# arboreal viv perches



## ObsessedWithSerpents (Sep 2, 2009)

hey guys I was wondering if there is any way you can connect bamboo from 1 end of the viv to the other.whether that be suction cup, magnets or whatever to create perches

Thanks:flrt:


----------



## joffy (Feb 14, 2008)

I've seen pics where someone had cut a milk bottle lid in half and siliconed them to the glass sides and slotted the bamboo ends in.

I just use fake bendy vines. They can bend to any shape and are long enough to wedge against each side or wrap around branches etc so it's sturdy.
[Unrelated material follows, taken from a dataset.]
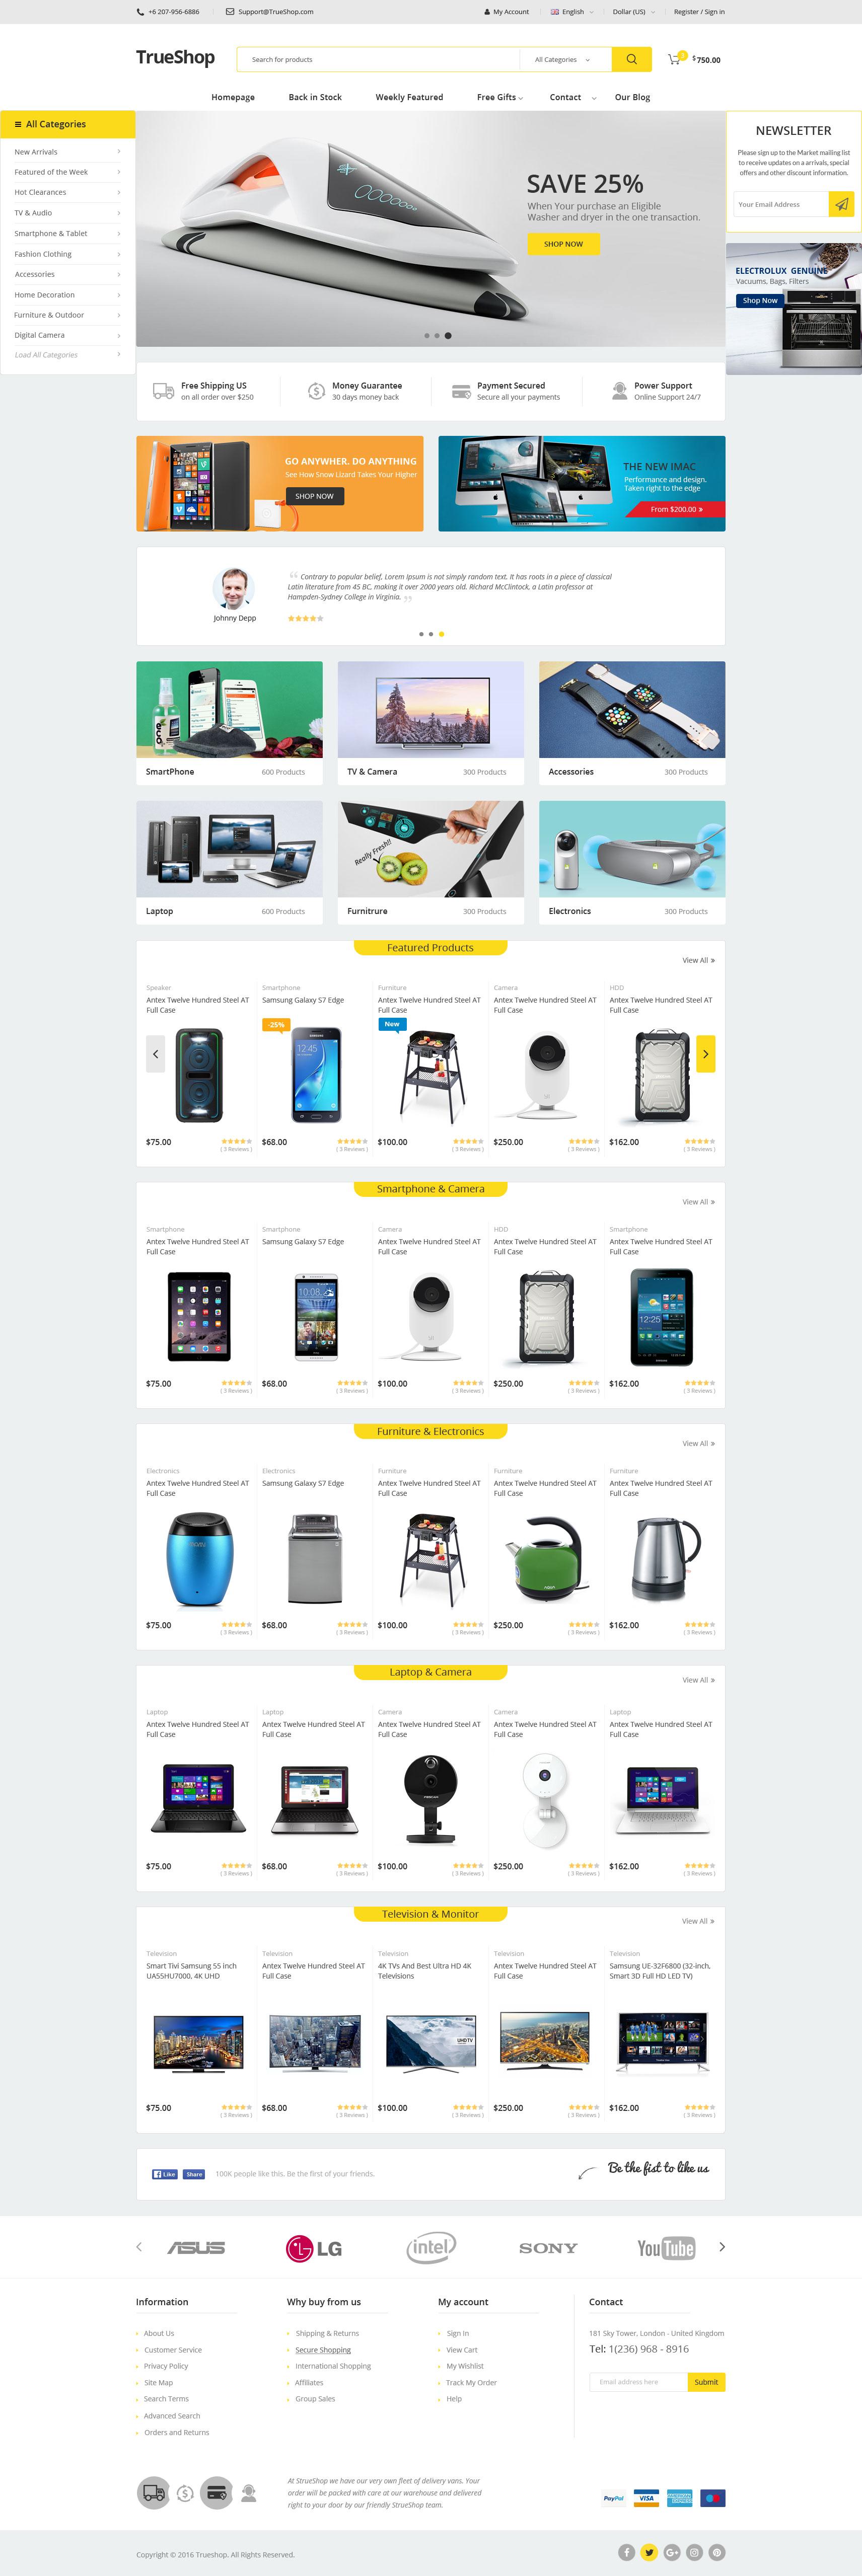 Google chrome themes johnny depp - Trueshop Multipurpose Wordpress Theme

Also looks more natural.

I like the lucky reptile ones and so does my gecko, he never off them!


----------



## Guest (Sep 23, 2009)

ObsessedWithSerpents said:


> hey guys I was wondering if there is any way you can connect bamboo from 1 end of the viv to the other.whether that be suction cup, magnets or whatever to create perches
> 
> Thanks:flrt:


You can get some sort of clear dish or lid and cut it in half, then stick one half at either ends, so that the cut bit is facing upwards. then you can easily remove the bamboo, lots of people use them for tree boas  just make sure you sand the edges to make them blunt


----------



## smileybones (Jan 16, 2007)

I'm glad this subject came up as I am looking to do the same for my cresties in their exo terra's.
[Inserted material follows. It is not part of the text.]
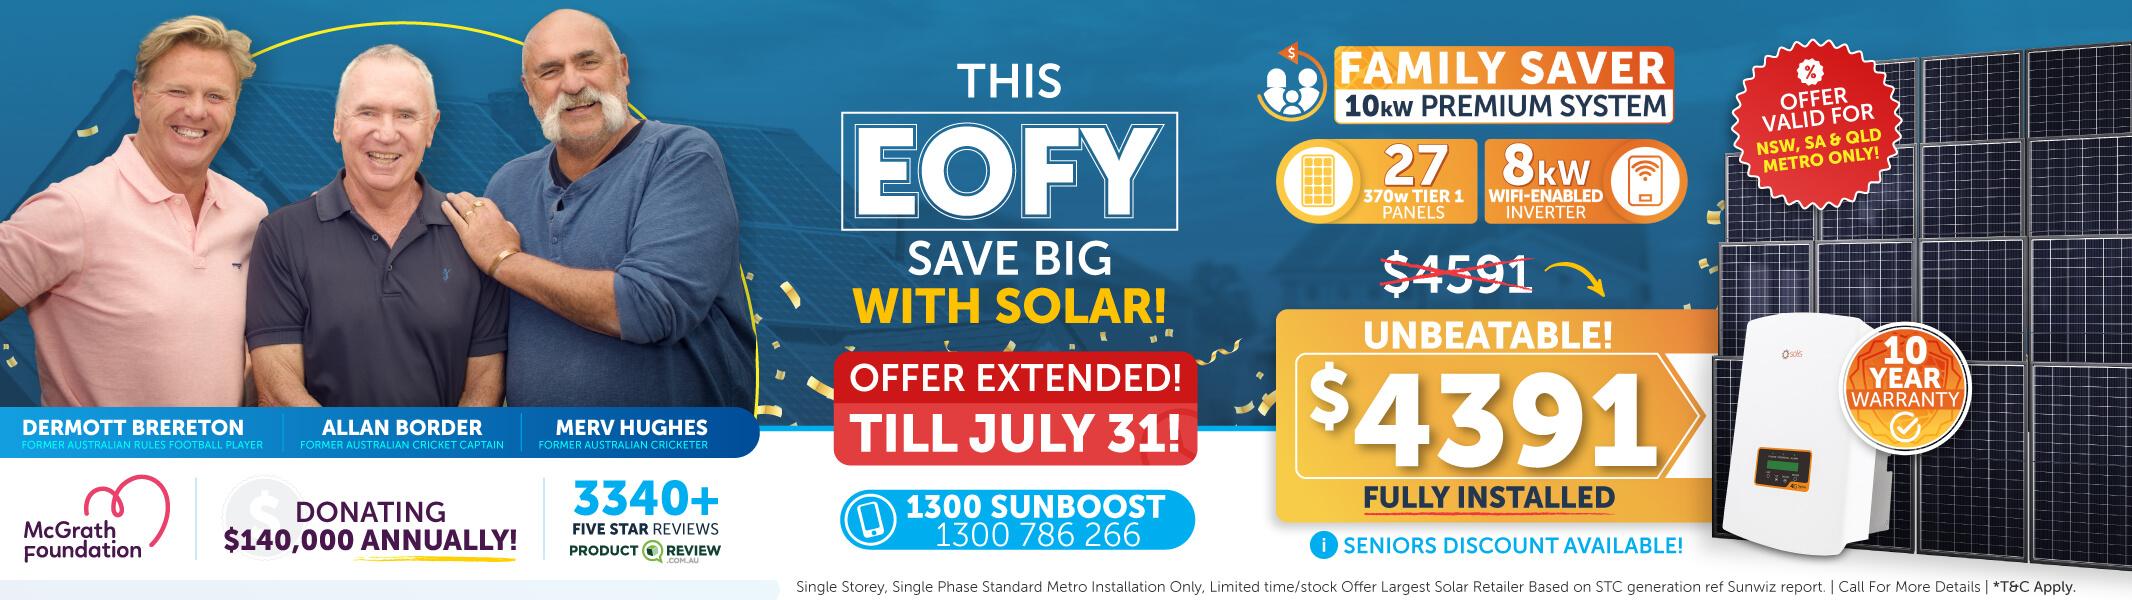 Solar Panel Offer 10 KW Solar System

Has anyone got some pictures of how they did it? I may be being dim, but I can't picture it.

Also, another silly question, but is silicon easily removed if necessary?


----------



## Morgan Freeman (Jan 14, 2009)

Use something on the sides to insert the bamboo in. Tree fern or coco panels for example.


----------



## ObsessedWithSerpents (Sep 2, 2009)

thanks guys i was looking into getting an amazon tree boa or gree tree python and i thought it would be good to put perches at different heights for a good temperature gradient within an exo-terra. i think the easiest option will be to silicon some coco panels and insert the bamboo but i dont know whether they would cause any mites problems for a snake. Anyone know?


----------



## xautomaticflowersx (Sep 7, 2009)

For holding large horizontal bamboo perches for my day gecko I just made a 'U' shape of silicone on the glass on the inside, waited for it to dry and then put the bamboo into place. And yes, you can remove silicone by using a razor blade.


----------



## bomb (Nov 13, 2007)

The coco panels wouldn't cause mite problems unless the Snake already has mites. I'd stay away from Bamboo though there was a debate in the Chondro community a few years back regarding Bamboo rotting when kept under constant high humidity.


----------



## ObsessedWithSerpents (Sep 2, 2009)

bomb said:


> The coco panels wouldn't cause mite problems unless the Snake already has mites. I'd stay away from Bamboo though there was a debate in the Chondro community a few years back regarding Bamboo rotting when kept under constant high humidity.


 

ok then what would be better. i saw on youtube someone had see through glass perches for his amazon tree boa but i just thought the bamboo would look better in among all the foliage. would some sort of piping be ok and if yes what?


----------



## bomb (Nov 13, 2007)

Piping is fine. I use Cork branches myself they tend to be more expensive than other options but look alot better especially in a rainforest style viv.


----------



## Morgan Freeman (Jan 14, 2009)

Get some pvc pipe and cover it? With eco earth/silcone perhaps.


----------



## naja-naja (Aug 26, 2009)

you could make a U shape with a thick line of silicone and slot a branch into it.


----------



## ObsessedWithSerpents (Sep 2, 2009)

if i did the U shape with silicone would the branch be removeable when cleaning etc.


----------